Sugar Inquiry Commission’s forensic report on sugar crisis made public

Sugar Inquiry Commission's forensic report on sugar crisis made public

ISLAMABAD: Information Minister Shibli Faraz and PM’s aide on accountability, Shehzad Akbar, on Thursday revealed details from the Sugar Forensic Commission (SFC) constituted to find out those behind the sugar shortage and price hike of the commodity in the country earlier this year.
Akbar said the report revealed that the sugar mill owners were acting as “cartels”. Six major groups hold 51 per cent of the production supply, he added.
Akbar said the report had proven what PM Imran Khan had always maintained.
“Whenever a businessman comes into politics, he will always do business even at the expense of the poor. So his [PM’s] thinking has been validated. A certain business community has captured the market and as a result, people are suffering,” he said.
He added that the report will be available online shortly for anyone to read following the prime minister’s orders.
Akbar said that the report revealed that certain sugar mills used informal receipts. “It was ultimately the farmer who was crushed because there was no official record. The mill owners showed the price of production to be more than the support price which meant that farmers earned less.”
He added that mill owners also conducted informal banking with the farmers which hurt the farmers because it was an unregulated process. This gave the mill owners a profit of up to 35 per cent, he said.
Akbar said that it was the first time that an “independent inquiry” has been conducted into the cost of production. “In 2017-18, sugar mills determined the cost of production at Rs51 per kilo whereas the report gave an estimate of Rs38 instead.
“In 2018-19, sugar mills gave cost price at Rs52.60 while the report gave an estimate of Rs40. [The sugar mill owners] purchased sugarcane at a lower price but showed a higher price in the invoices,” he said.
The SAPM said that the report also pointed out that the sucrose content as shown by Pakistani mill owners (9.5pc to 10.5pc) was less than the international standard.
There are two injustices — inflated cost of production and market manipulation — which were being done with the country’s people, according to the report, he said, adding that accounting fraud was also being committed by the sugar mill owners.
“The report also showed that mill owners are maintaining two account books. There is an under-reporting on sugar procurement of 25-30pc, which is an absolute scandal. Tax is not paid because of this.”
Akbar said the report revealed that the Omni Group in Sindh had “specifically benefited” from the subsidies the Sindh government provided. He added that the report revealed Sindh Chief Minister Murad Ali Shah’s name.

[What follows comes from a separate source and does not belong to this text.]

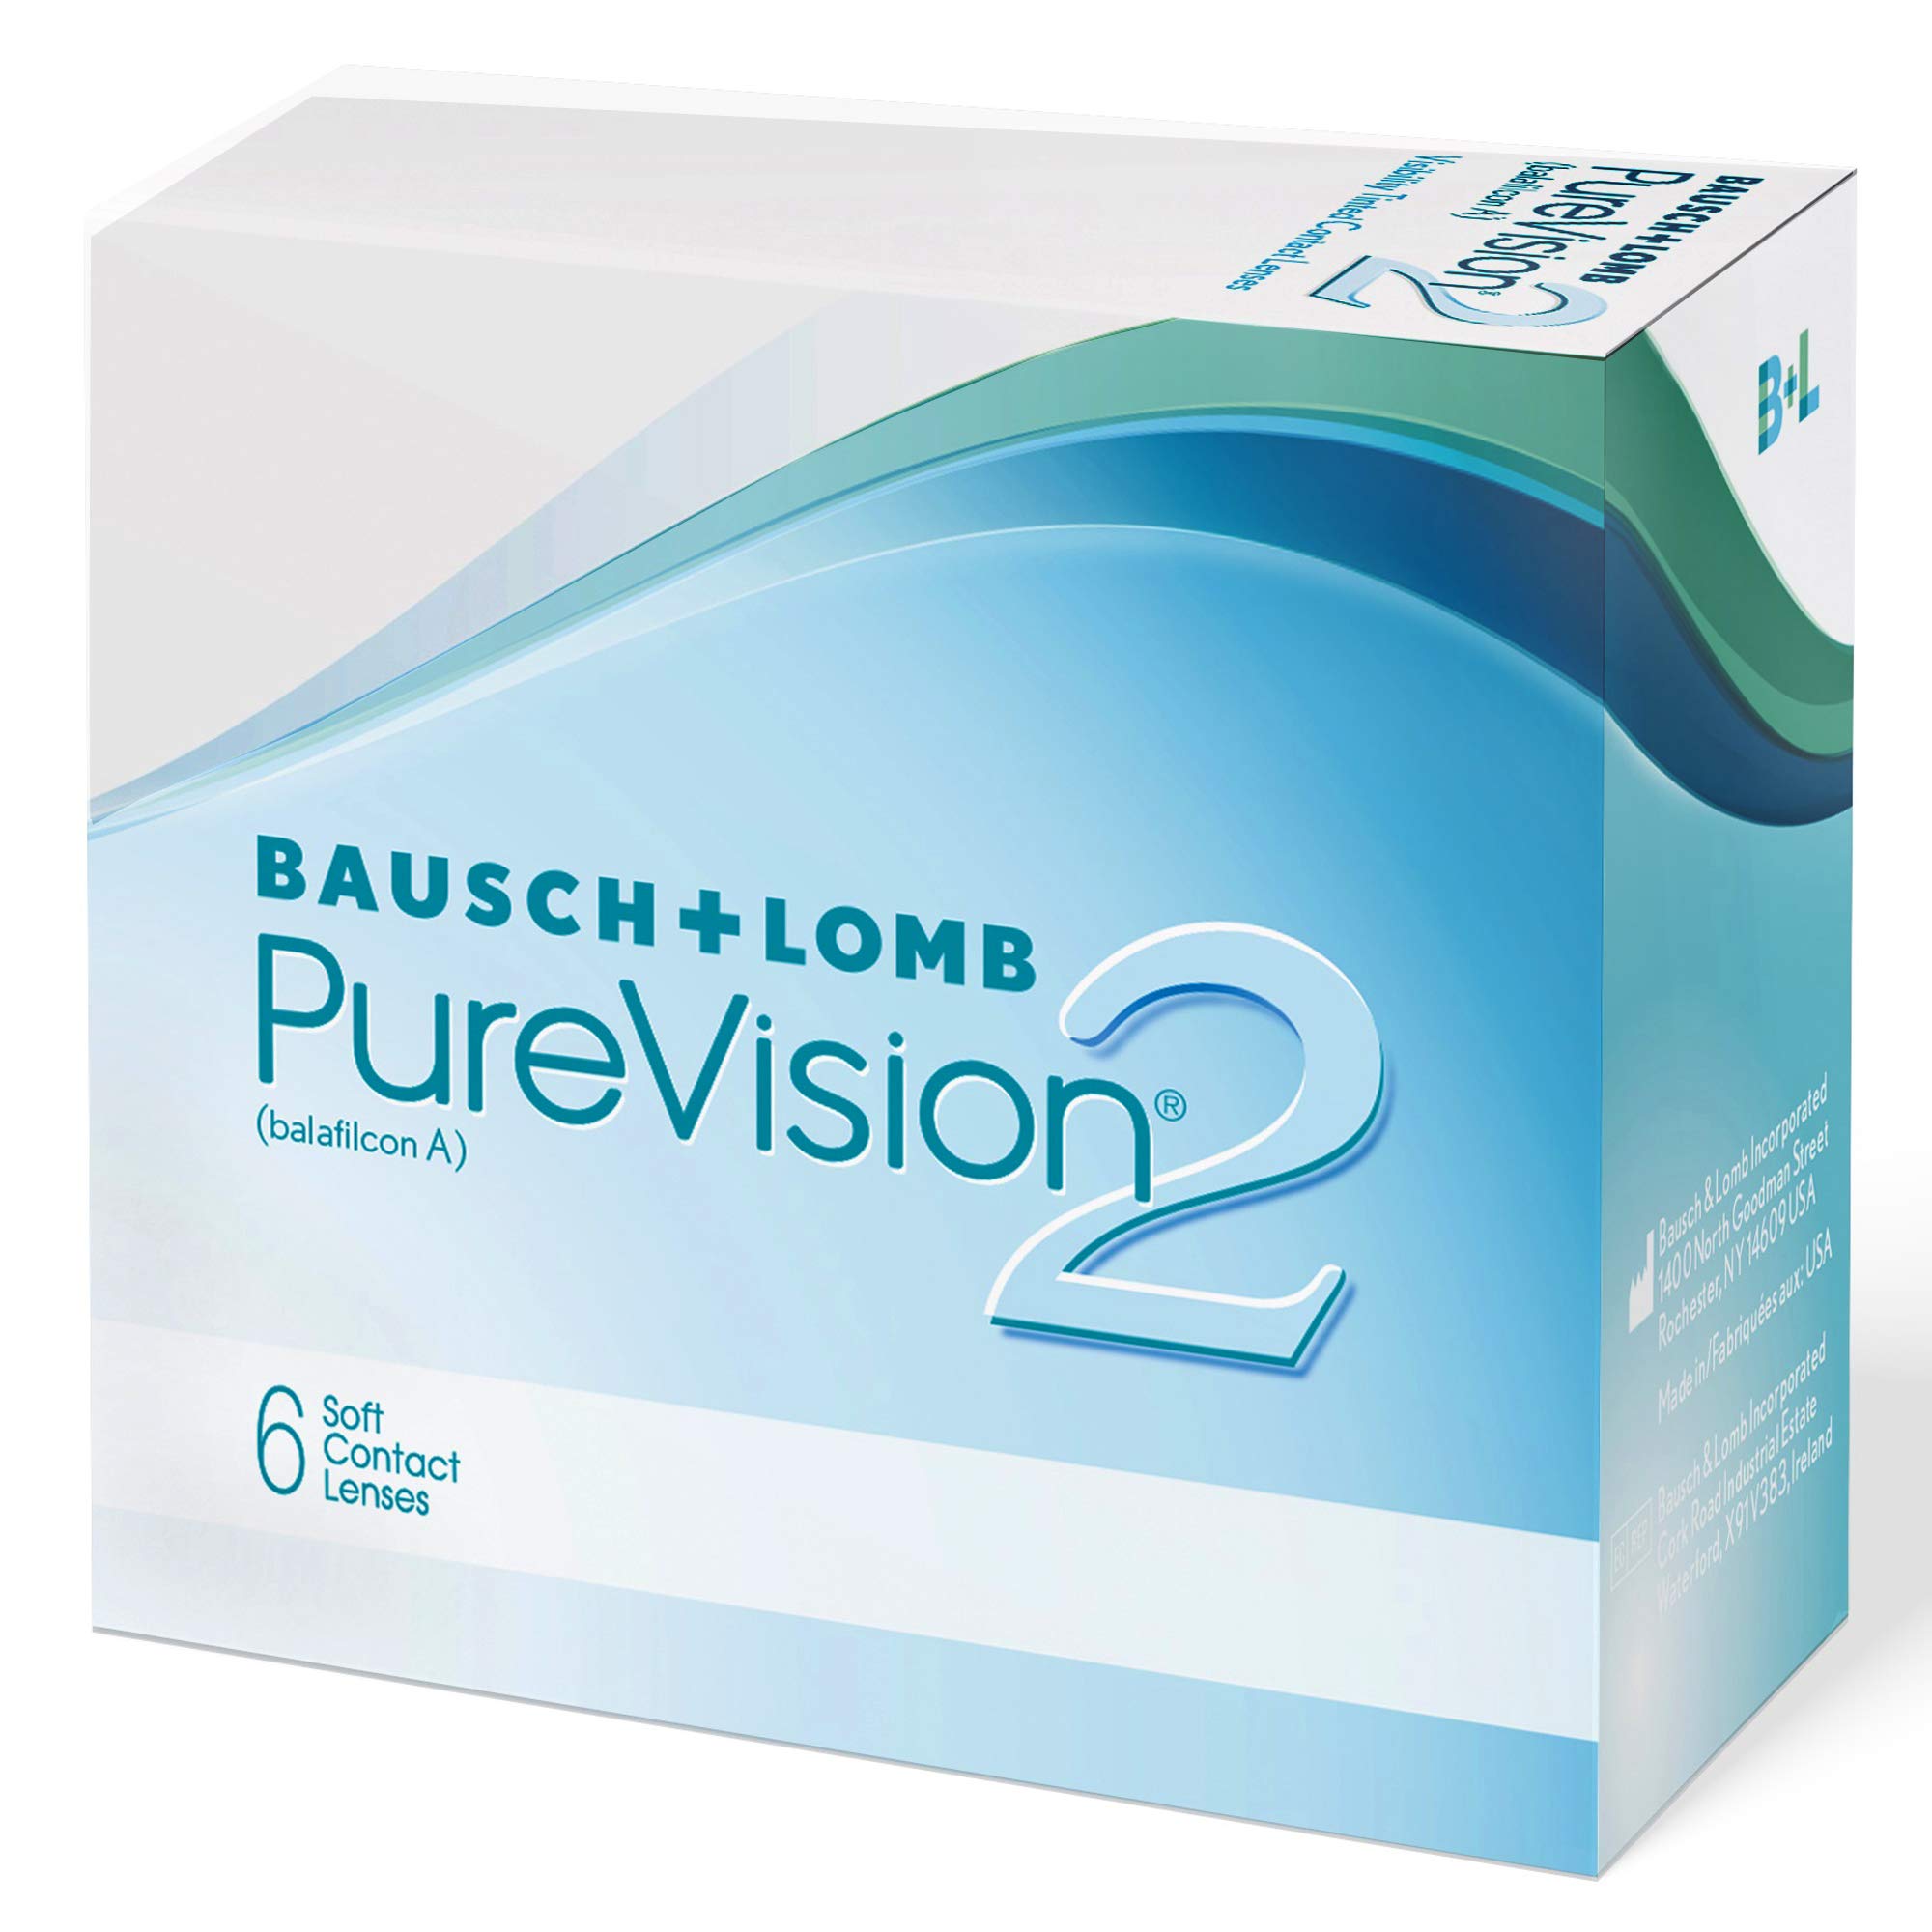 Bausch + Lomb PureVision 2 Monatslinsen, sehr dünne sphärische Kontaktlinsen, weich, 6 Stück / BC 8.6 mm / DIA 14 / -5 50 Dioptrien

He questioned why the chief minister gave additional subsidies to the Omni Group as it was already getting subsidies from the federal government.
Last month, the commission had asked for an extension of three weeks’ time to submit the report — a move that was met with much criticism by the opposition.
The SFC had been constituted by the government in the first week of April following the release of two separate inquiry reports of the Federal Investigation Agency (FIA) on the issue of artificial shortage of sugar and wheat in the country and sudden increase in their prices last year.
The inquiry report on sugar had revealed names of many bigwigs, including Jahangir Tareen, the former secretary-general of the ruling Pakistan Tehreek-i-Insaf (PTI) and a close confidant of the prime minister, who had allegedly benefitted from the crisis.
After the release of the report, the opposition had demanded that the premier take stern action against those who had been declared responsible for the crisis by the FIA committee.
Prime Minister Khan had vowed to take action, but said he would do so after receiving the forensic audit report from the commission that he had constituted on the recommendation of the ‘initial’ reports. The commission comprises officials from a number of agencies and departments including the Intelligence Bureau and the Federal Board of Revenue.